▸ Description of the task
From the listing below, copy only the lines running from the line that contains "Bolivia La Paz" to the line that contains "FIRST FINANCIAL BANK: helping", both included.

▸ Data records
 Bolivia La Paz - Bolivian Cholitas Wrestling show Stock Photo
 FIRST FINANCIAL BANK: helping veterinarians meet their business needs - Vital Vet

* * *

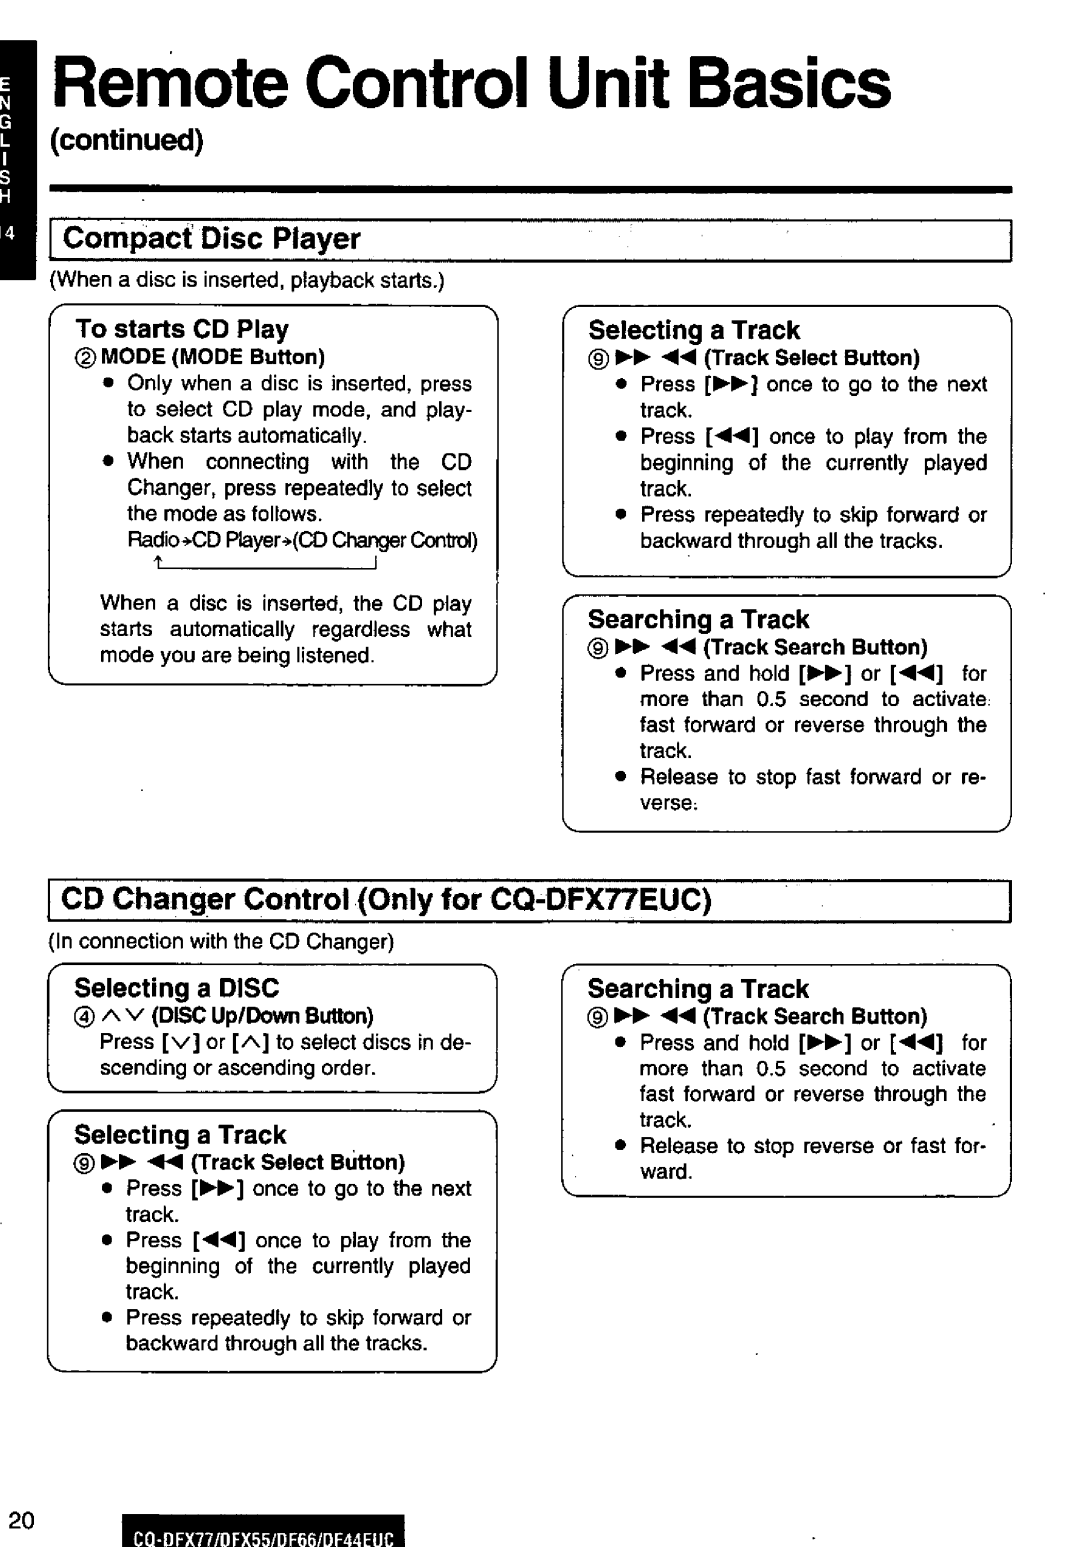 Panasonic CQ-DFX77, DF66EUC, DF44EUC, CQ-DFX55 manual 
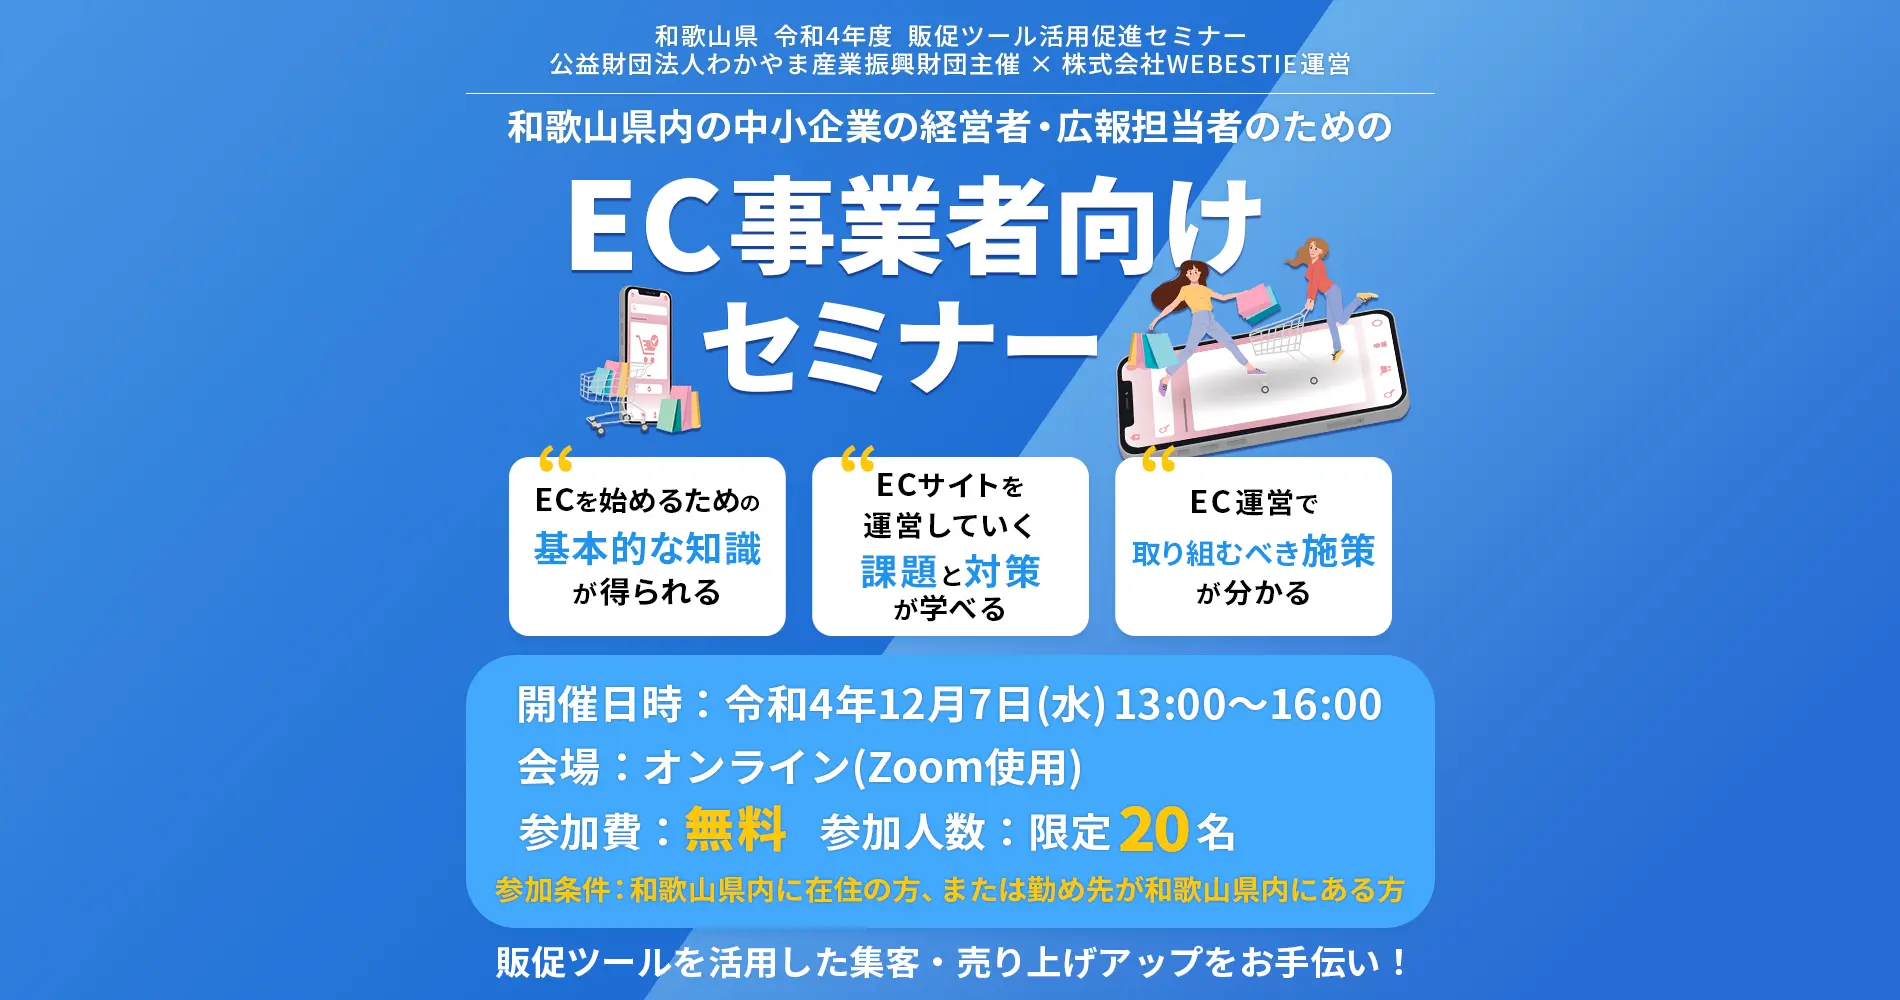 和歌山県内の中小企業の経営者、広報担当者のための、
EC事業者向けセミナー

▸ Expected answer
 Bolivia La Paz - Bolivian Cholitas Wrestling show Stock Photo
 FIRST FINANCIAL BANK: helping veterinarians meet their business needs - Vital Vet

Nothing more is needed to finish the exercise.